Читаем Лодка полностью

Вдруг прямо перед моим носом, словно при двойном увеличении, появляется лицо с тянущимся изо рта хоботом. Я подскакиваю от неожиданности: это второй вахтенный офицер. Он уставился на меня. Кажется, он хочет что-то сказать мне. Неуклюже выдергивает резиновый наконечник изо рта, из которого свешивается слюна.

— Воздержитесь от использования пистолетов. Опасность взрыва! — гнусит он в нос, подняв брови.

Разумеется! Водород от аккумуляторных батарей.

Он снова заглатывает свое успокоительное средство и подмигивает мне левым глазом, прежде чем усесться на свою койку. Я даже не могу ответить ему: «Очень смешно, идиот!»

Двигаясь нетвердыми шагами, словно пьяный, я нащупываю свою дорогу вдоль шкафчиков, дотрагиваюсь до занавески Стариковского закутка, затем снова ощущаю облицованные стены. Больше не надо изгибаться подобно акробату, чтобы попасть в кают-компанию. Пайолы вновь уложили на свои места. Похоже, аккумуляторную батарею еще рано списывать со счетов. Возможно, еще получится выжать оставшийся в ее банках заряд, которого хватит для работы на короткое время, пускай даже не на полную мощность.

Горит свет. Если мы оставим включенной лишь эту лампочку, может, она будет светиться вечно.
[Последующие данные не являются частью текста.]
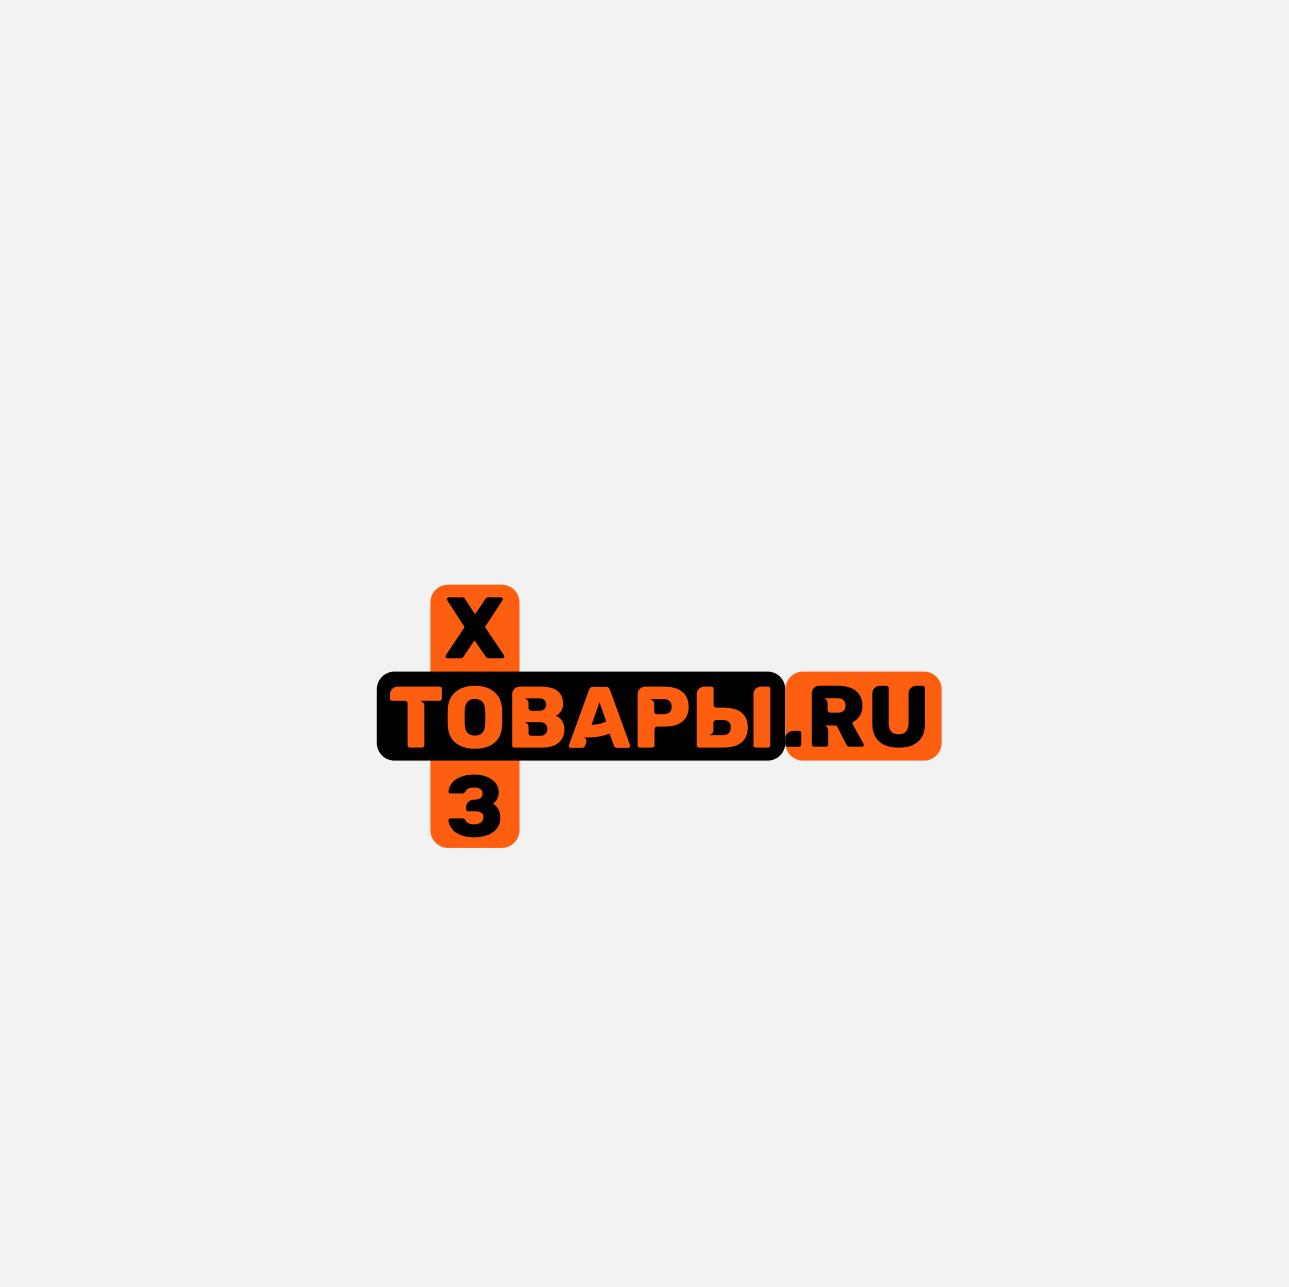 Разработка логотипа для оптового интернет-магазина «Хозтовары.ру» фото f_299607091ce14f6a.png

Электрическая лампочка в сорок ватт за целую неделю изведет меньше энергии, нежели потребуется для одного-единственного оборота винтов. Вечный свет на трехсотметровой глубине!

Кто-то уже более-менее прибрался здесь. Фотографии, пусть даже и без стекол, снова водружены на стены. Даже книги возвращены на полки, даже в каком-то подобии порядка. Первый вахтенный офицер, должно быть, лежит на своей койке. Во всяком случае его штора задернута. Второй вахтенный сидит в левом углу шефской койки, его глаза крепко закрыты. Лучше бы он лег как следует вместо того, чтобы свалиться мокрым мешком. Он так плотно забился в свой угол, что кажется, будто он вовсе не собирается покидать его.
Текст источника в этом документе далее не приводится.